Changes on the School Lunch
Horizon
Based upon a series of hearings and the comments she received, former
Under Secretary of Agriculture Ellen Haas proposed to change the laws
regulating school lunch--laws that had been on the books since 1946 when
the School Lunch Act was passed. Announced in June 1994, The School Meals
Initiative for Healthy Children requires that all schools participating
in the NSLP conform to the U.S. Dietary Guidelines in their school lunch
menus. For example, the initiative requires that the average fat content
of meals be 30 percent or fewer calories from fat over the course of a
week. Even this meager announcement created quite a bit of controversy
and most likely led to Ms. Haas' ultimate demise with the USDA. Schools
were required to comply by the 1996 school year, but could be granted
waivers for up to two years. For example, an astounding 96 percent of
the districts in California filed for, and received waivers. Now the two
year waiver period has elapsed and all participating schools must meet
the basic federal nutrition guidelines by the 1998 school year.
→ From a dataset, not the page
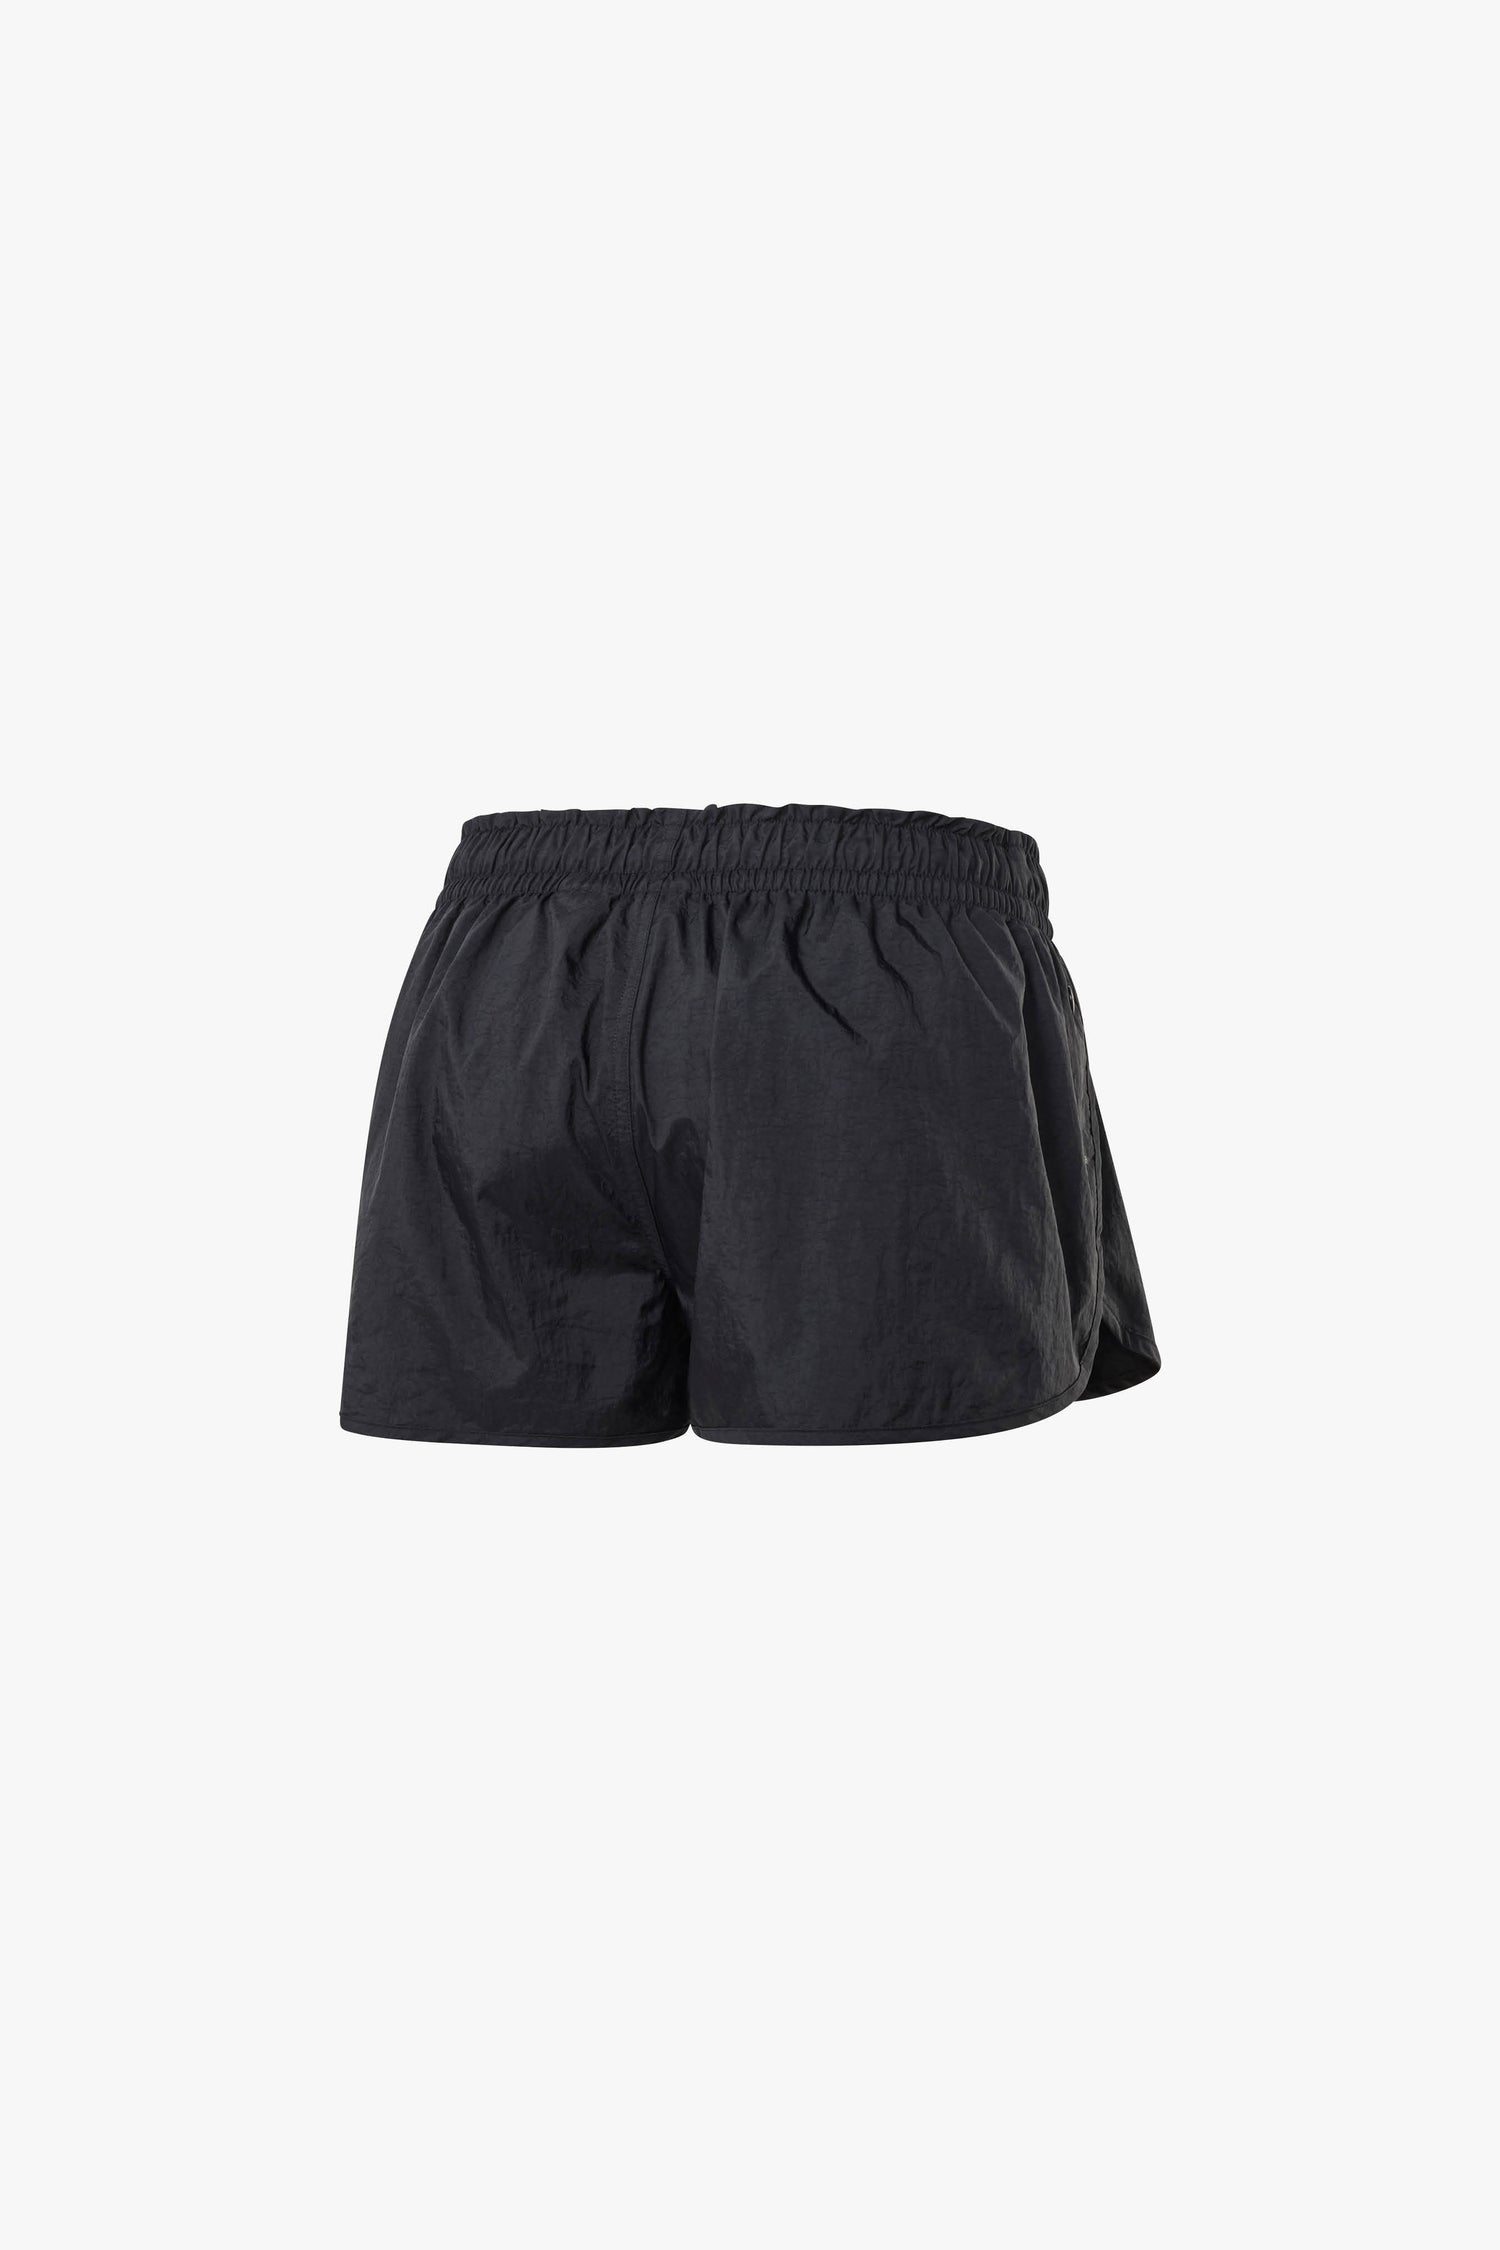 reebok running shorts

However,
there is no enforcement provision in place and federal rules require state
compliance reviews only every five years. Thus, there is no incentive
for schools to make changes.
In addition, many schools are
struggling with the financial viability of their lunch programs. Often,
the result is food service directors throwing up their hands and turning
the program over to fast food chains such as Taco Bell or Pizza Hut in
order to lure kids back in. Other schools are simply doing away with the
program altogether. Whether the chains can alter their foods to meet the
new nutrition guidelines is highly questionable. There are many disturbing
signs that corporate America is rapidly closing in on the nation's schools.
The prospect of young children being tempted every day with unhealthy
fast food simply by walking through their school cafeteria is quite disturbing.
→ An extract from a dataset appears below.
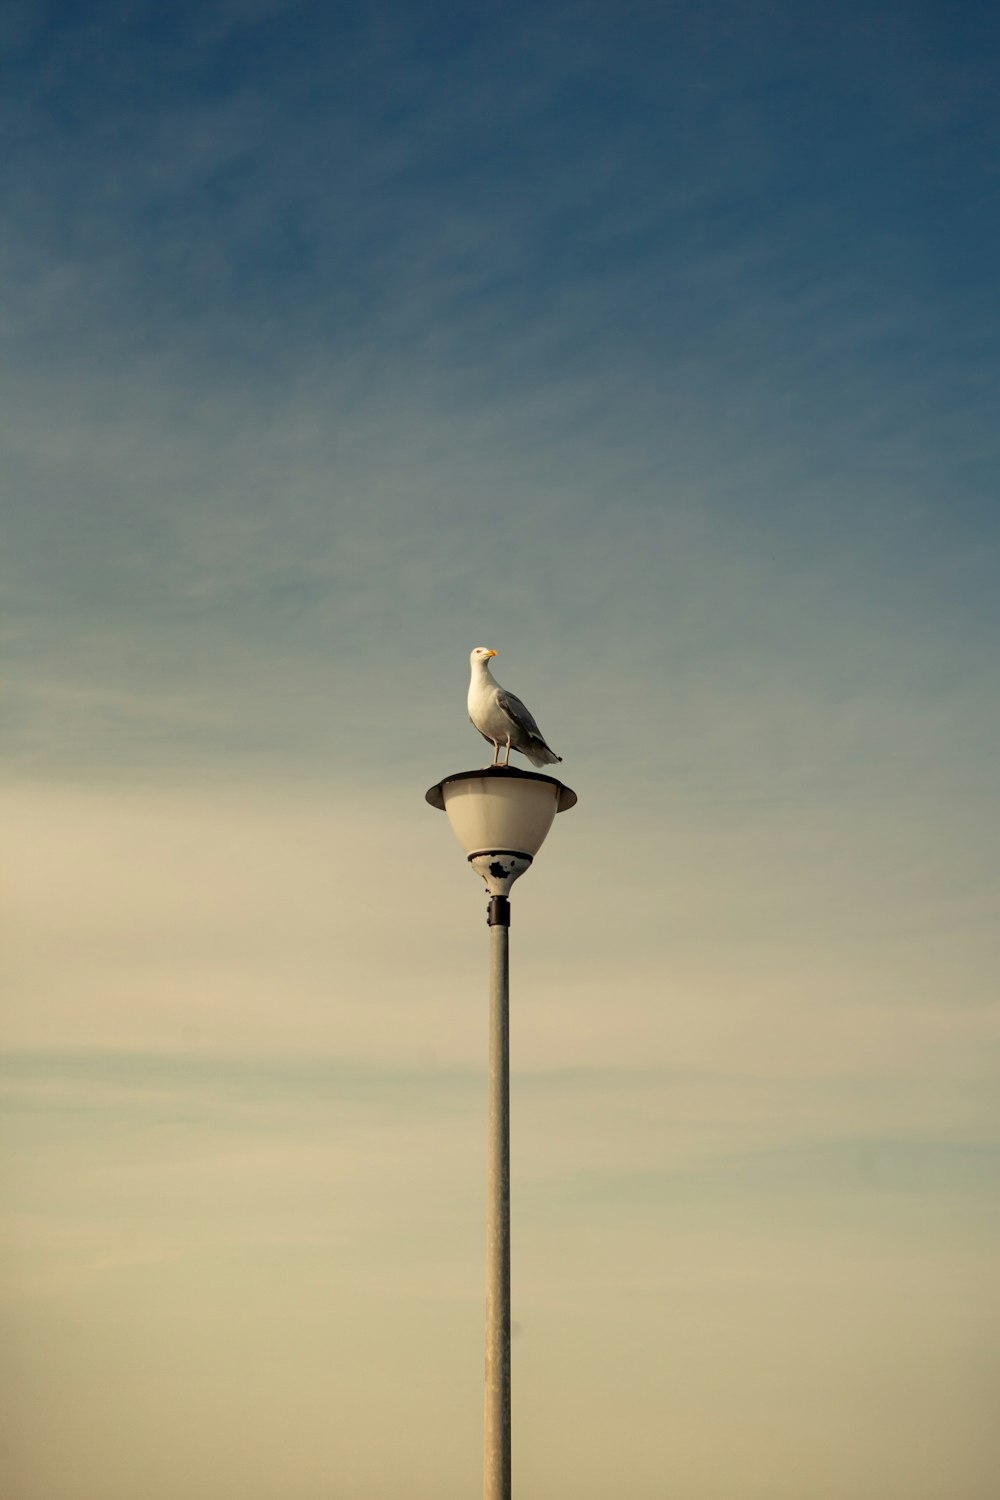 white bird on black lamp post under gray sky

In those schools which are shutting down the lunch program altogether,
children who would be entitled to a free meal are left with no choice
but to find the money to pay or go hungry.
The nation's school children
should not be made victims of the meat industry's depressed market. And
government officials should not take its marching orders from an industry
more concerned with profits then nutrition. How we educate our children
about eating animal products is vitally important to how we can expect
them to behave as adults. Schools have a great deal of influence over
the early impressions of young minds. Increasing awareness of the many
problems associated with unhealthy school lunches can only lead to a greater
understanding of the need to eliminate animal products from our diets
outside of school. And who knows, in the process, children might even
learn about respect for all forms of life.